__Recorded information__
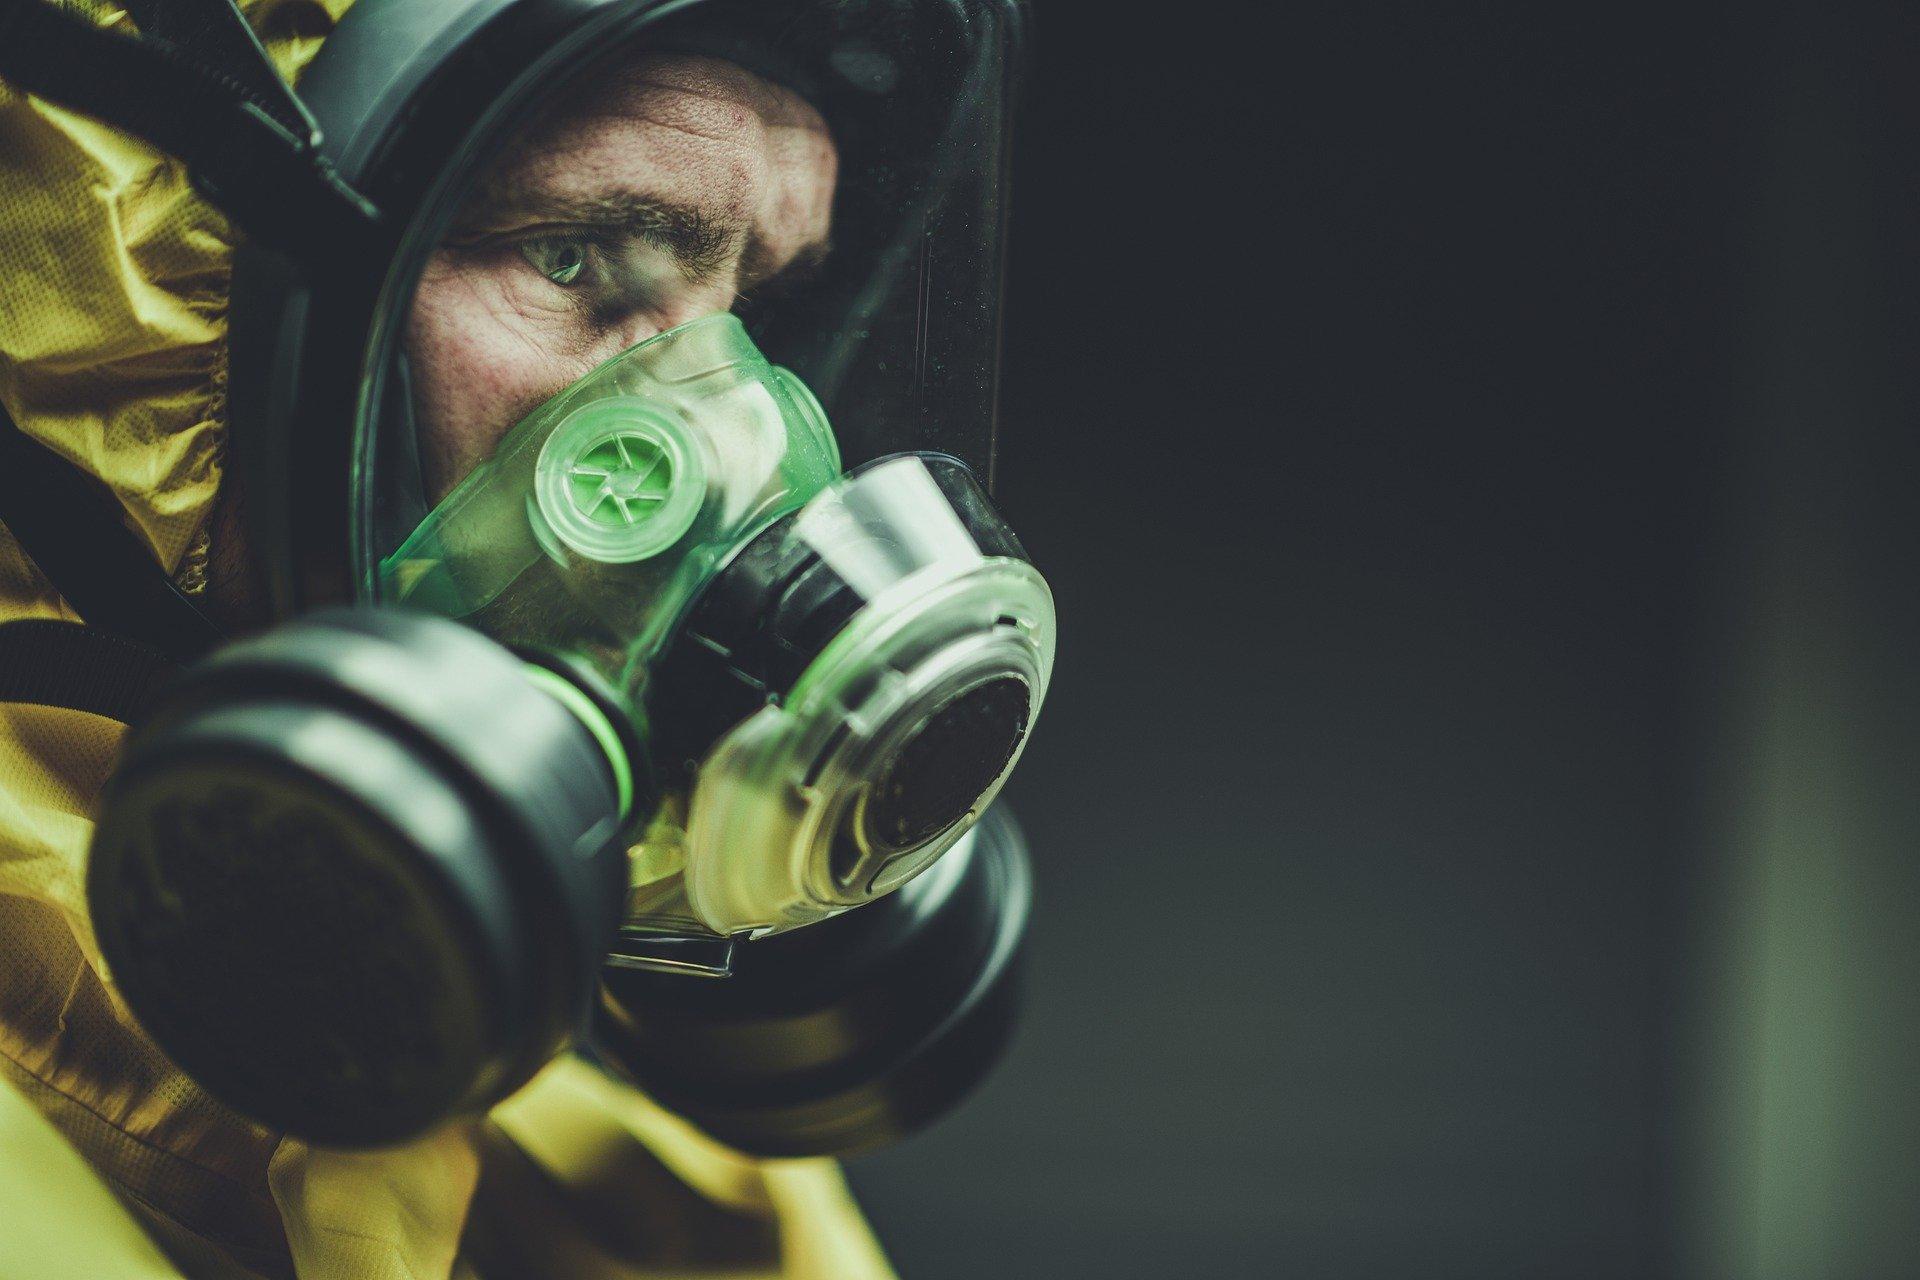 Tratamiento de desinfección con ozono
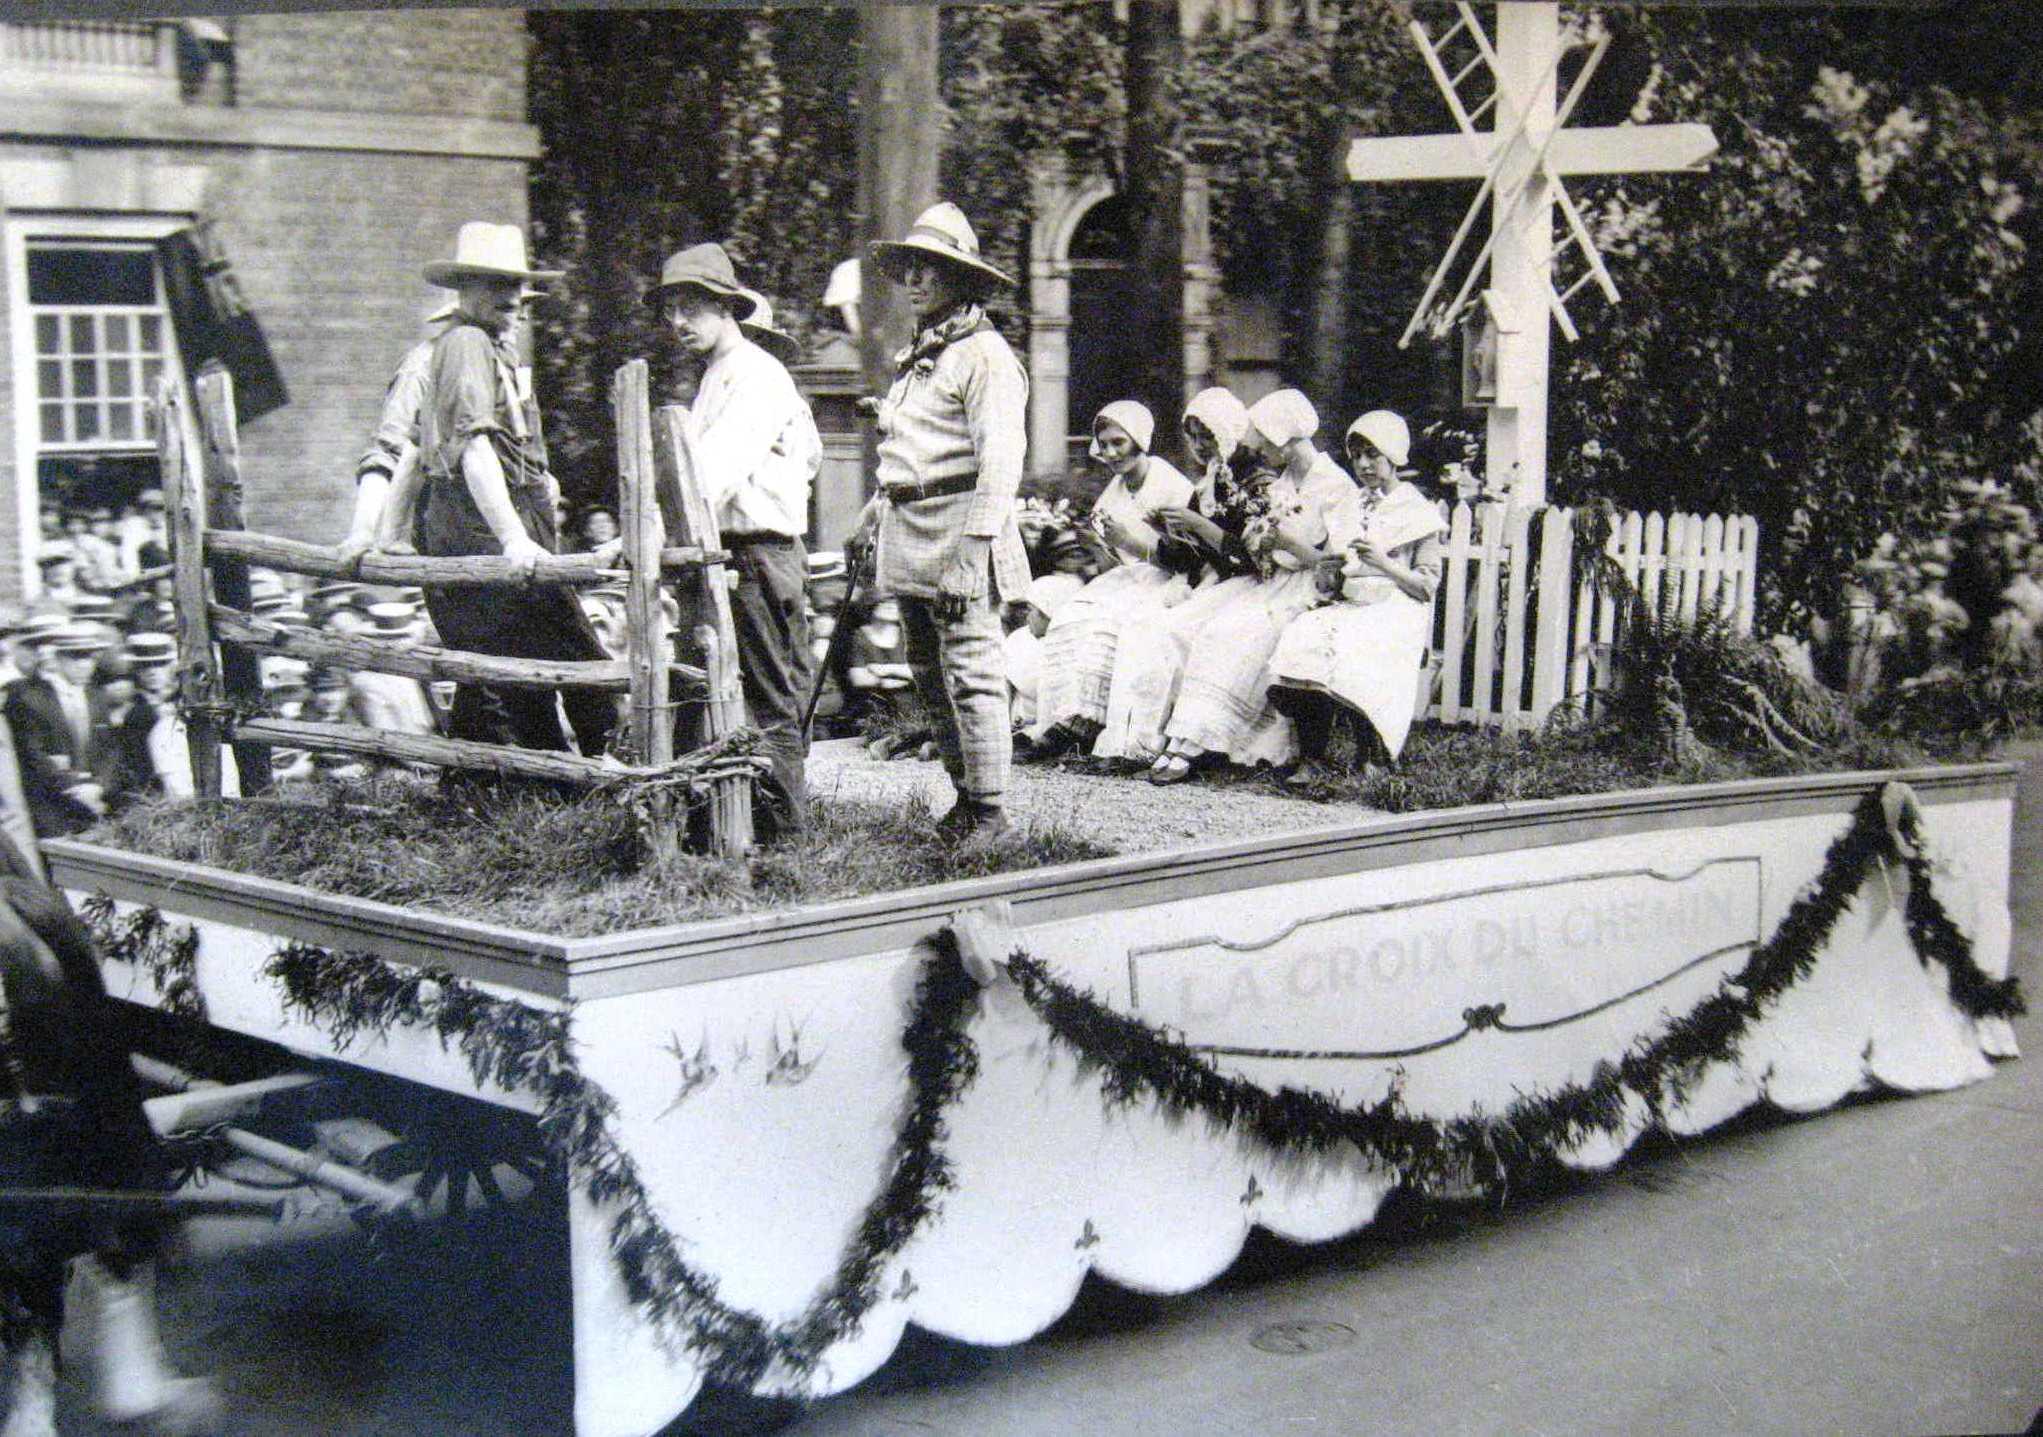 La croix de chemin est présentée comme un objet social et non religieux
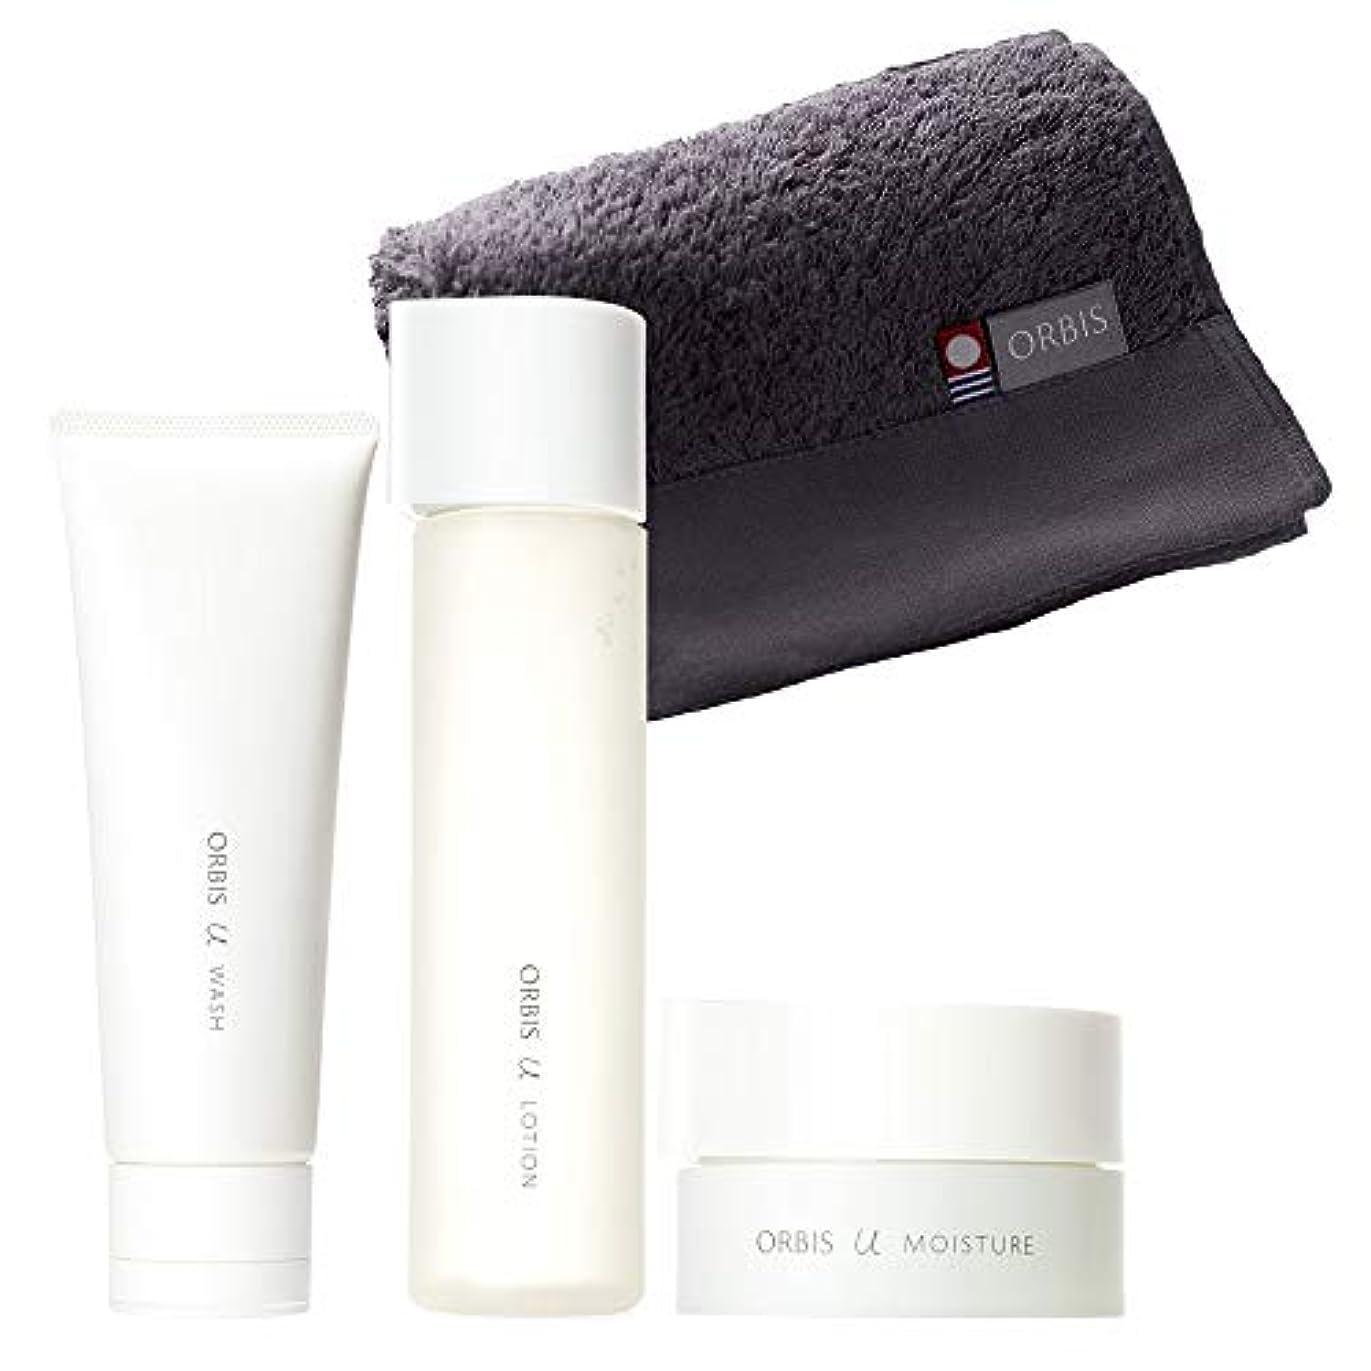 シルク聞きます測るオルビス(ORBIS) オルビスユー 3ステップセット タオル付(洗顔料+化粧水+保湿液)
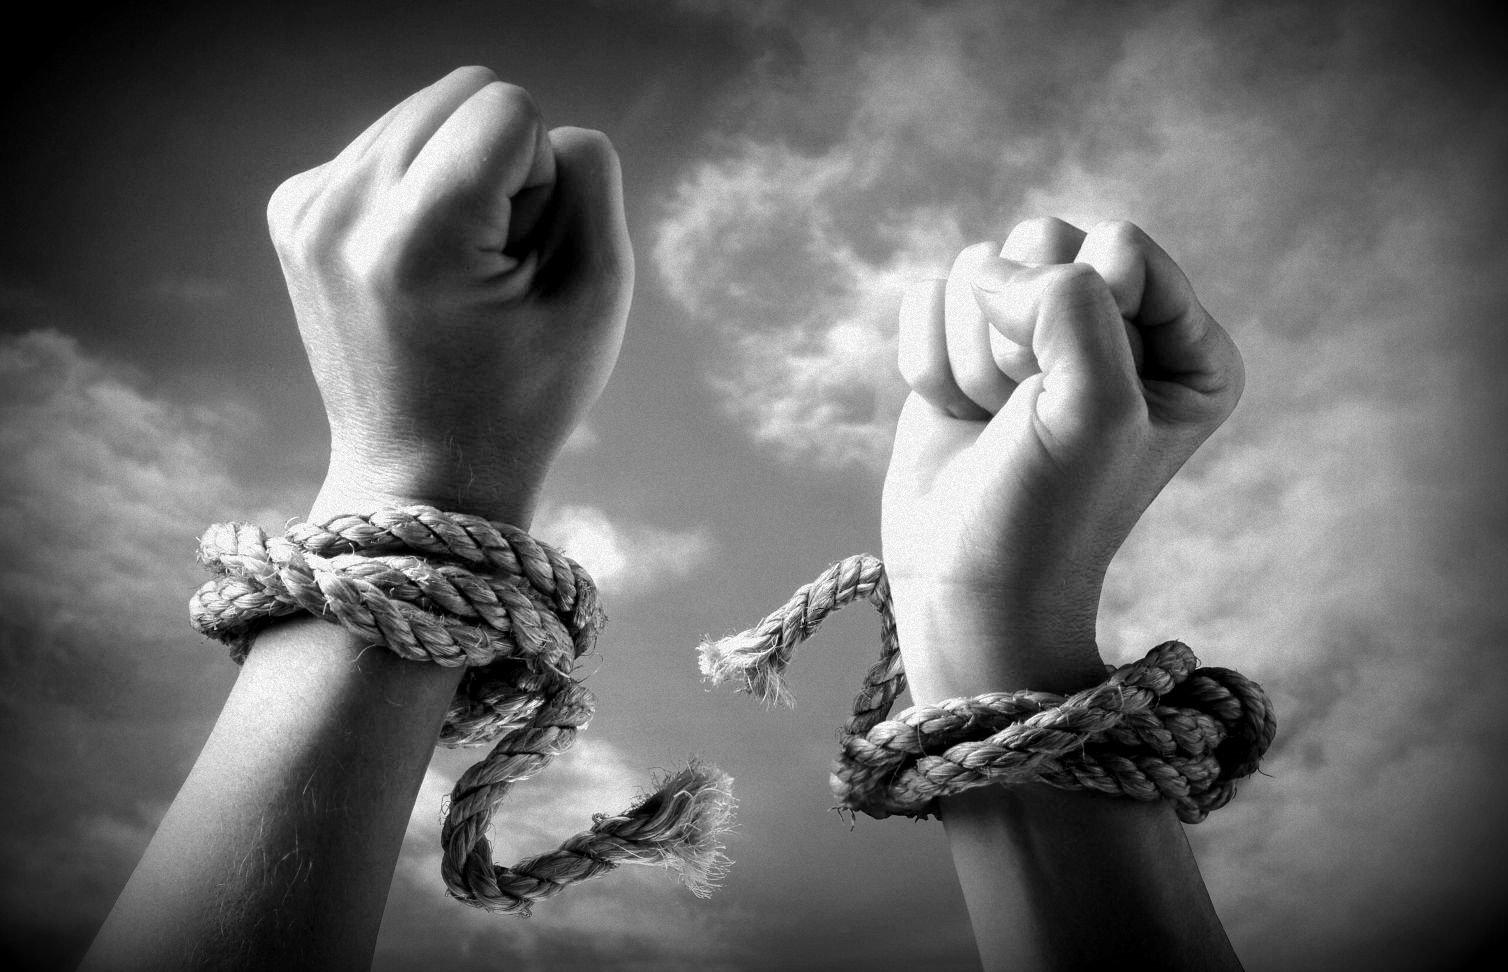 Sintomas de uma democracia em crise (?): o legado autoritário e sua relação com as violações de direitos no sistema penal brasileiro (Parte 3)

__What is needed__
Leaving every picture out, please copy exactly the lines from the one holding "シルク聞きます測るオルビス(ORBIS) オルビスユー 3ステップセット" through the last line of the listing, both ends included.

__Task answer__
 シルク聞きます測るオルビス(ORBIS) オルビスユー 3ステップセット タオル付(洗顔料+化粧水+保湿液)
 Sintomas de uma democracia em crise (?): o legado autoritário e sua relação com as violações de direitos no sistema penal brasileiro (Parte 3)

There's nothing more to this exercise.